What the task asks:
What you return must be the data below, word for word, without any images.

Material provided:
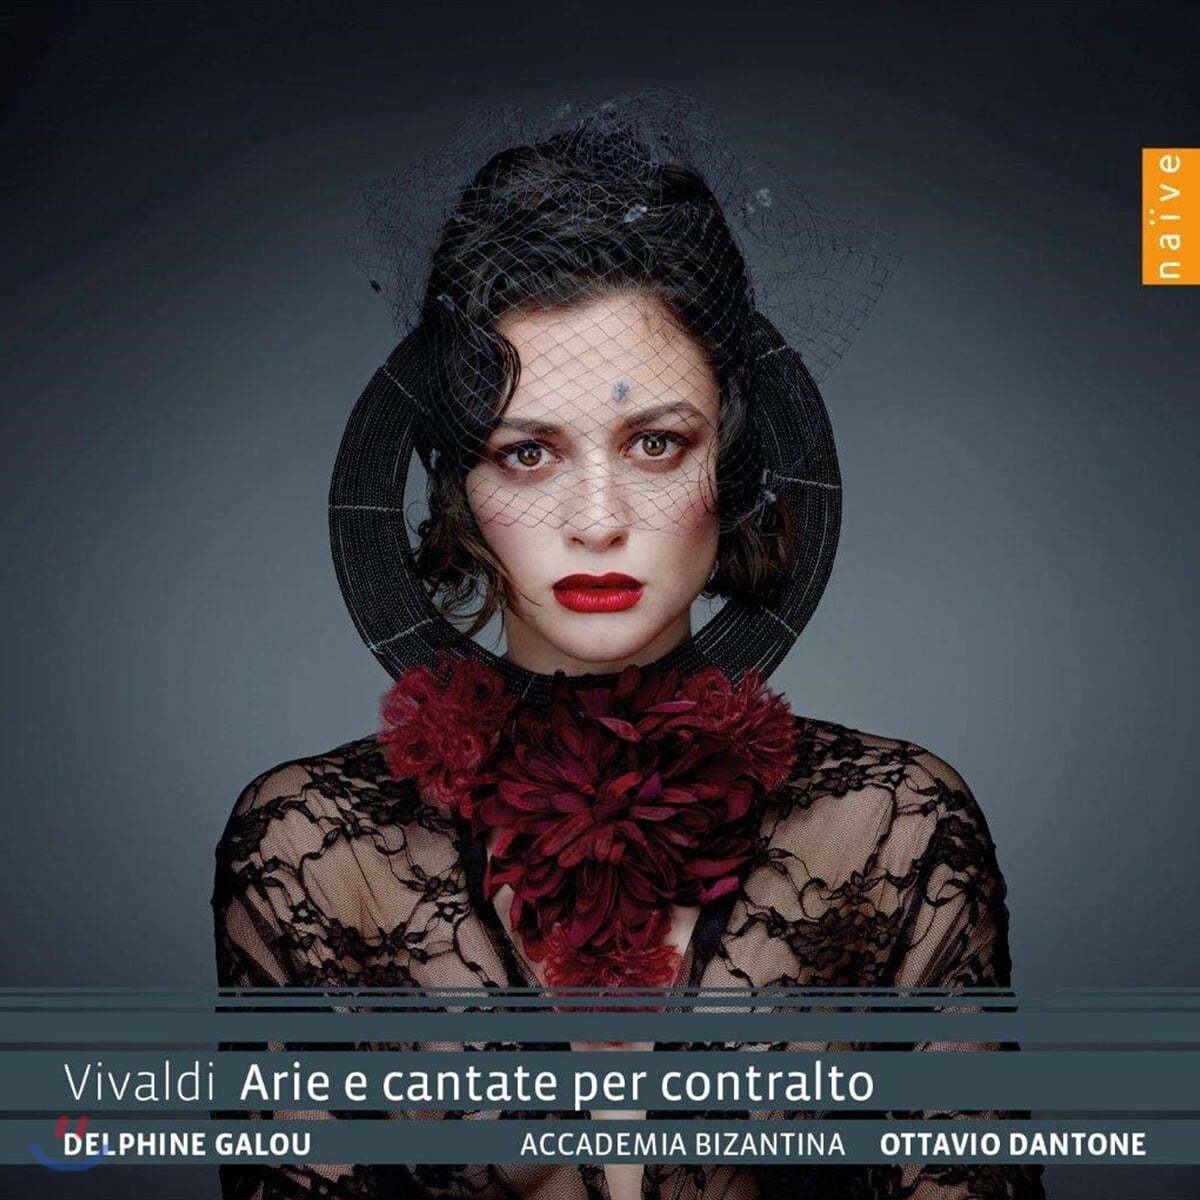 Delphine Galou 비발디: 콘트랄토를 위한 아리아와 칸타타 (Vivaldi: Arie e cantate per contralto)
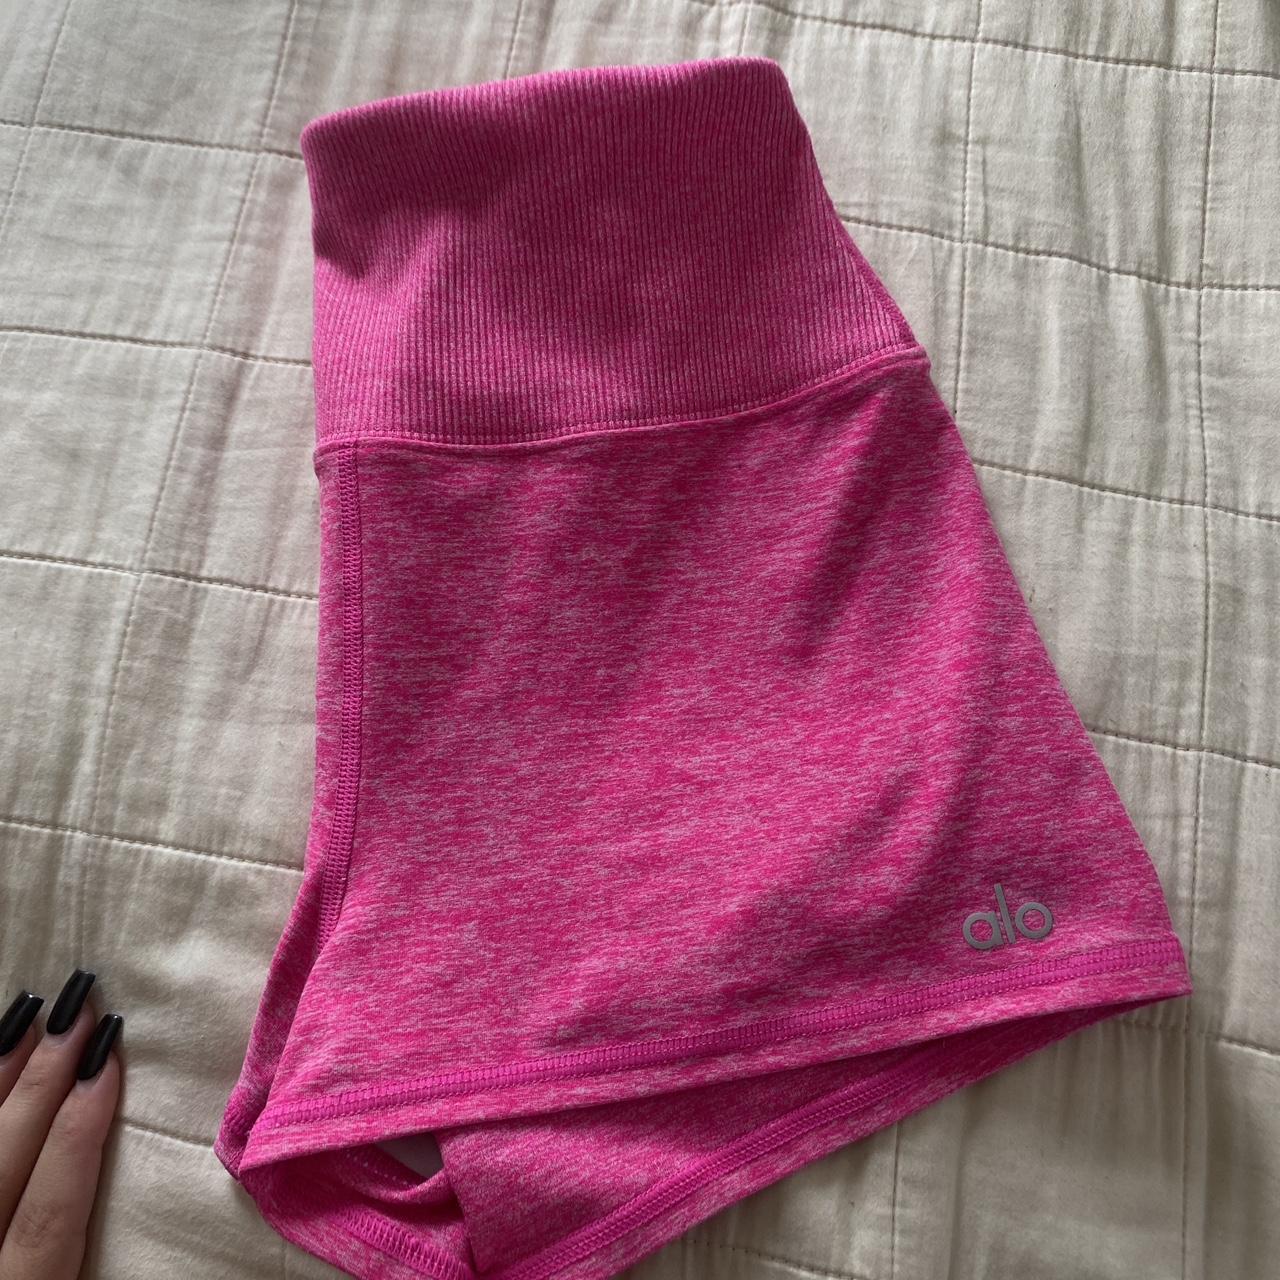 alo pink shorts 🩷🩷 -super cute worn like twice... - Depop
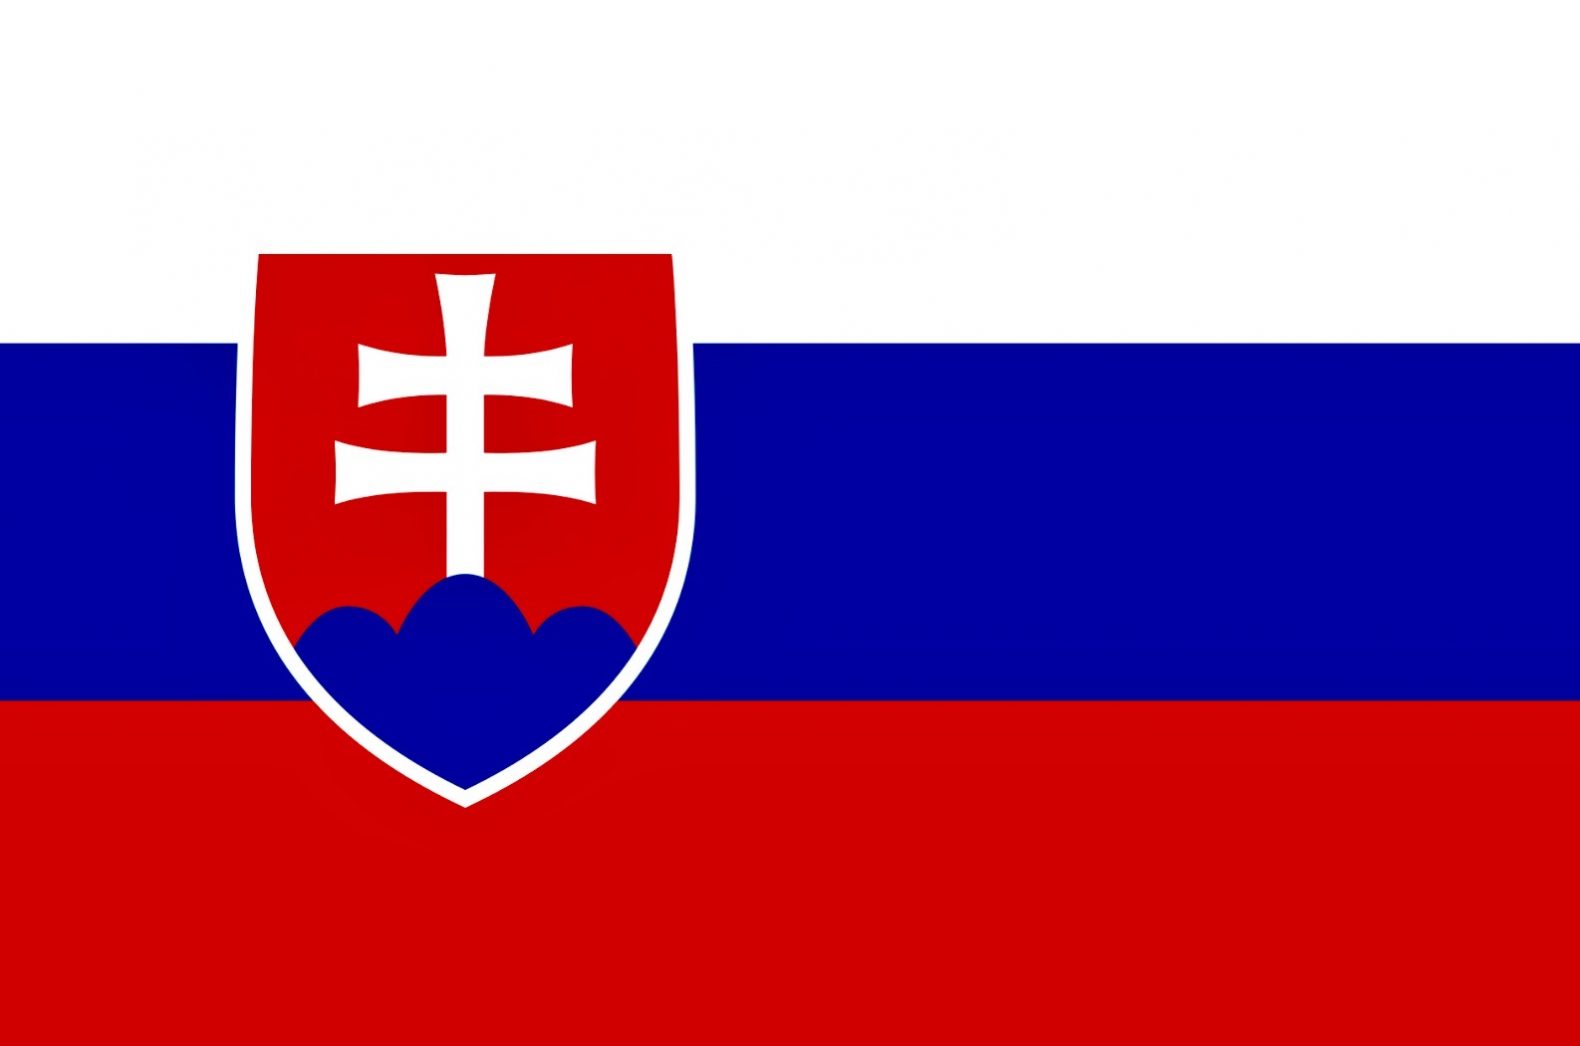 Le drapeau de la Slovaquie
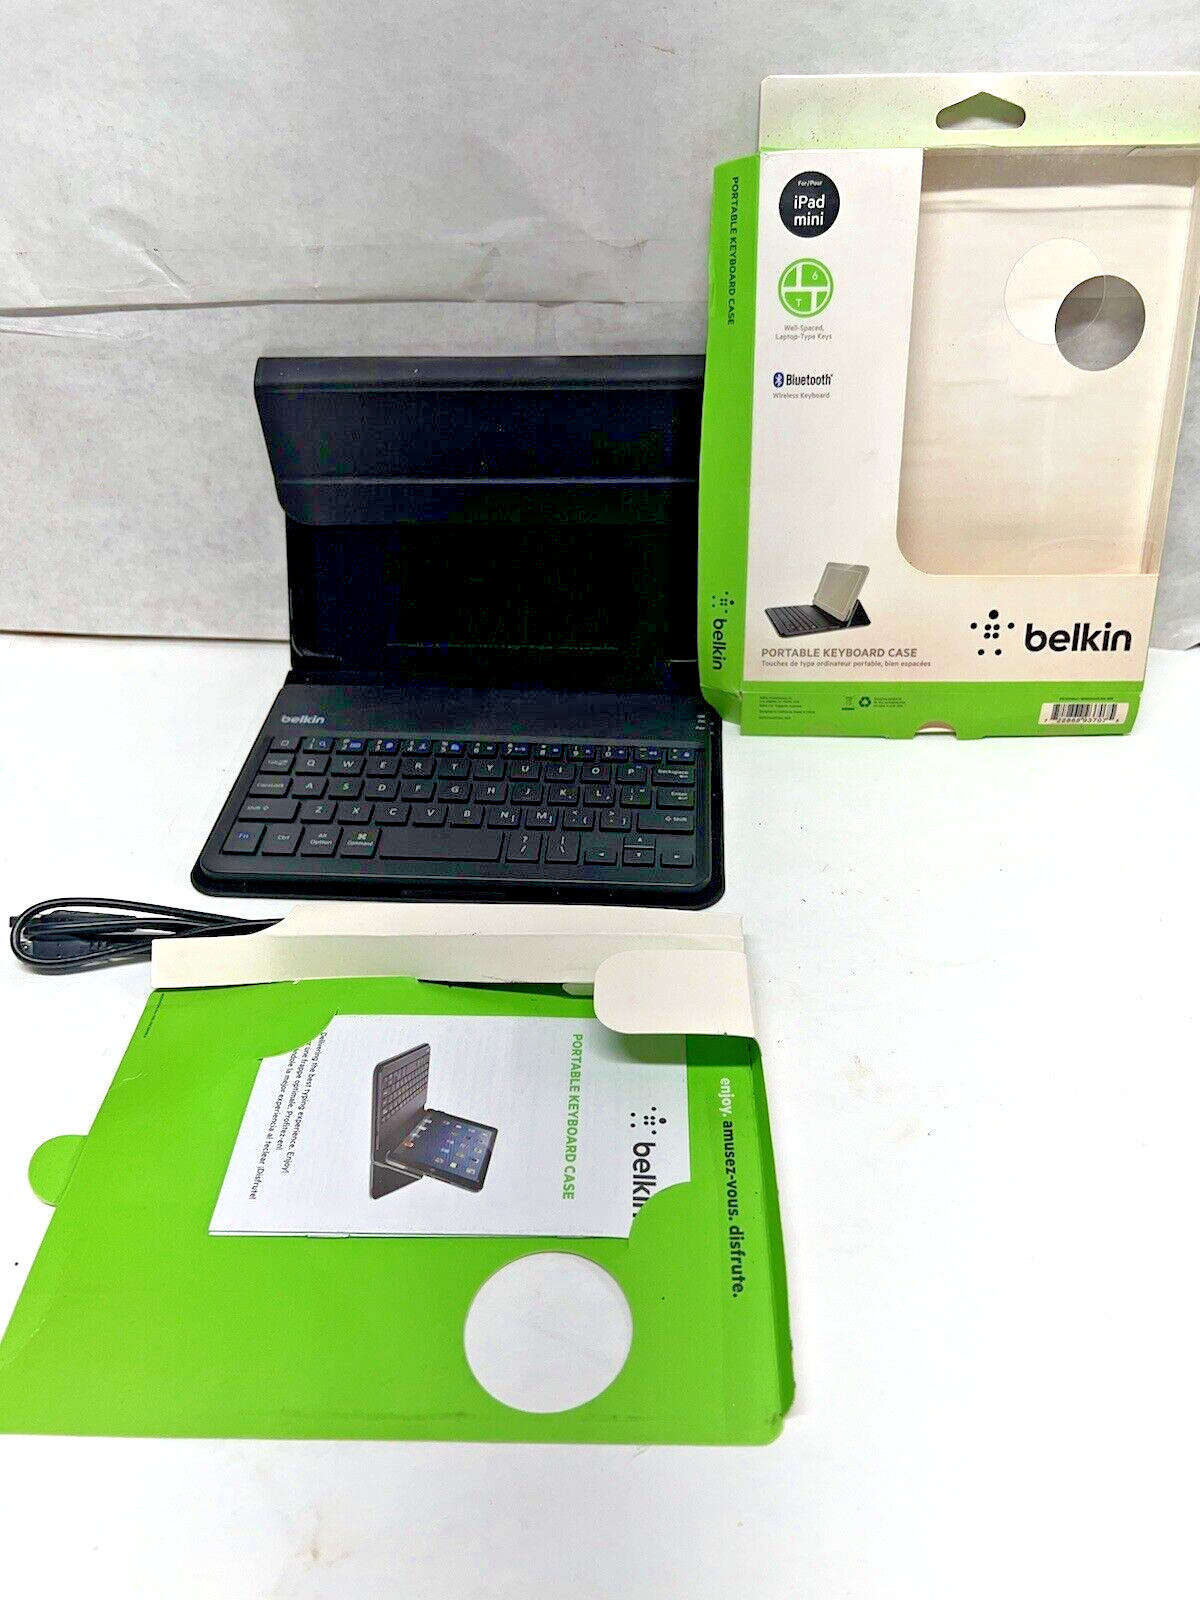 Belkin Portable Bluetooth Keyboard & Case for IPad Mini - BLACK F5L145

Reply:
 Delphine Galou 비발디: 콘트랄토를 위한 아리아와 칸타타 (Vivaldi: Arie e cantate per contralto)
 alo pink shorts 🩷🩷 -super cute worn like twice... - Depop
 Le drapeau de la Slovaquie
 Belkin Portable Bluetooth Keyboard & Case for IPad Mini - BLACK F5L145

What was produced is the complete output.